More news of the dying Free Press: If you ever were silly enough to wonder whether the Gannett newspaper chain cares about journalism more than chasing down every last nickel, you got your answer this week. This week, it was learned that Gannett is completing the cheapening and trivializing of the paper by getting rid of a huge number of its remaining experienced staffers.
Among those going over the side: Ron Dzwonkowski, the former editorial page editor; Pulitzer Prize-winner David Ashenfelter; longtime Lansing correspondent Dawson Bell; and the familiar bylines Cecil Angel, Joe Swickard, Eric Sharp, medical writer Pat Anstett, photo director Craig Porter, veteran photographers Pat Beck and Susan Tusa, and a bunch more.
They committed the crime, in corporate eyes, of making decent salaries. The newspaper will probably hire a few much cheaper, small-market reporters in return.

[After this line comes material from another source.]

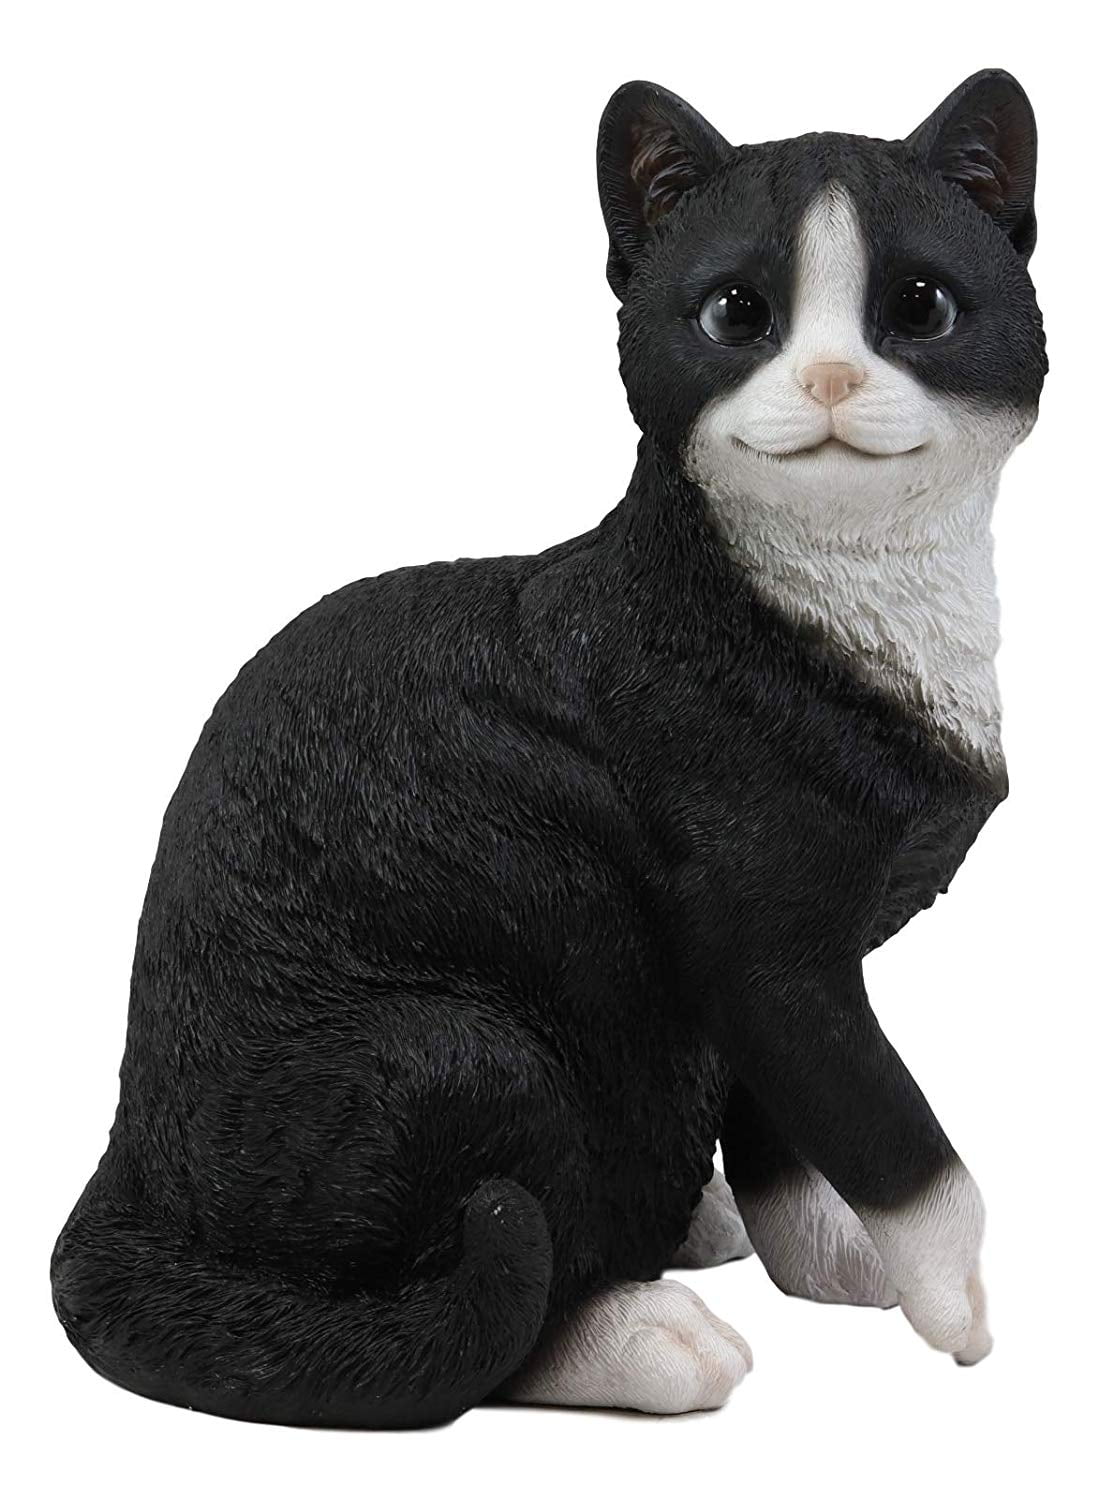 Ebros Lifelike Sitting Tuxedo Black and White Cat with Paw Up Statue 10
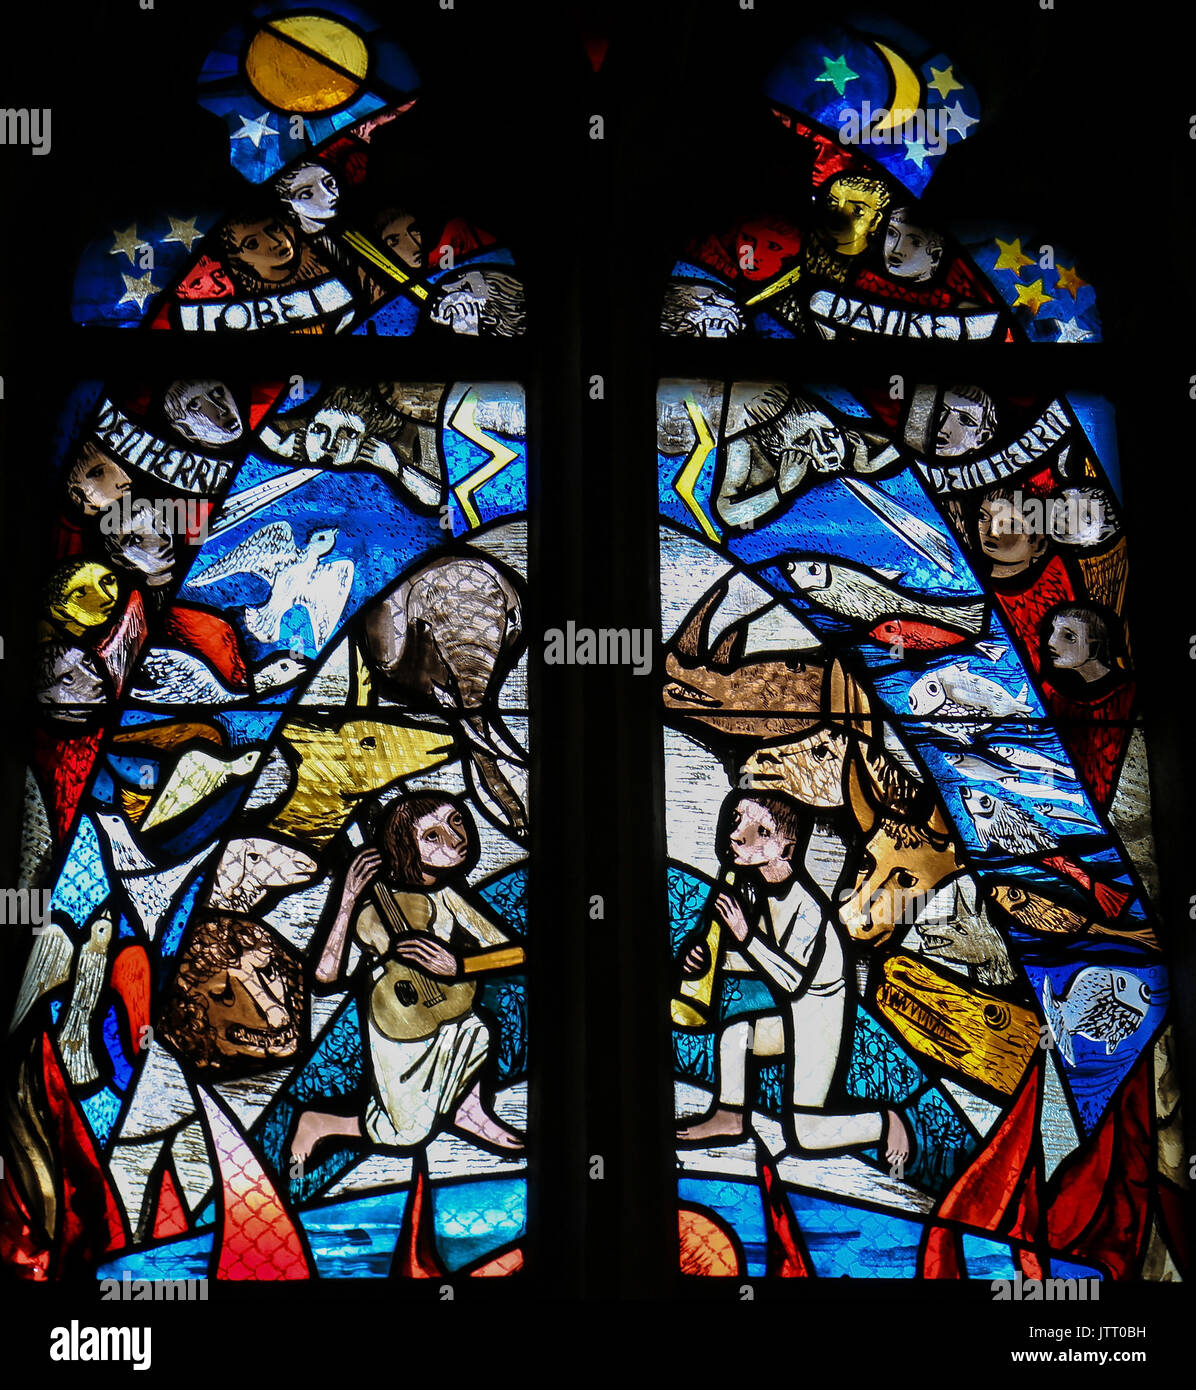 Glasmalereien in der Stiftskirche in Tübingen, die Schaffung von Arbeitsplätzen, mit Vögeln, Fischen, Säugetieren en zwei Kinder Musik wiedergeben Stockfoto

All this raises the question of whether there will be anything worthwhile reading in the Free Press.
The answer is yes, sort of. On the days Brian Dickerson or Stephen Henderson's columns appear, anyway. And then there's the Gannett weather map. You can also read Mitch Albom plugging his latest smarmy book or attempt to make money out of Ernie Harwell's corpse. Beyond that, there's the brilliant comic strip, Pearls Before Swine. And say ... did I mention the weather map?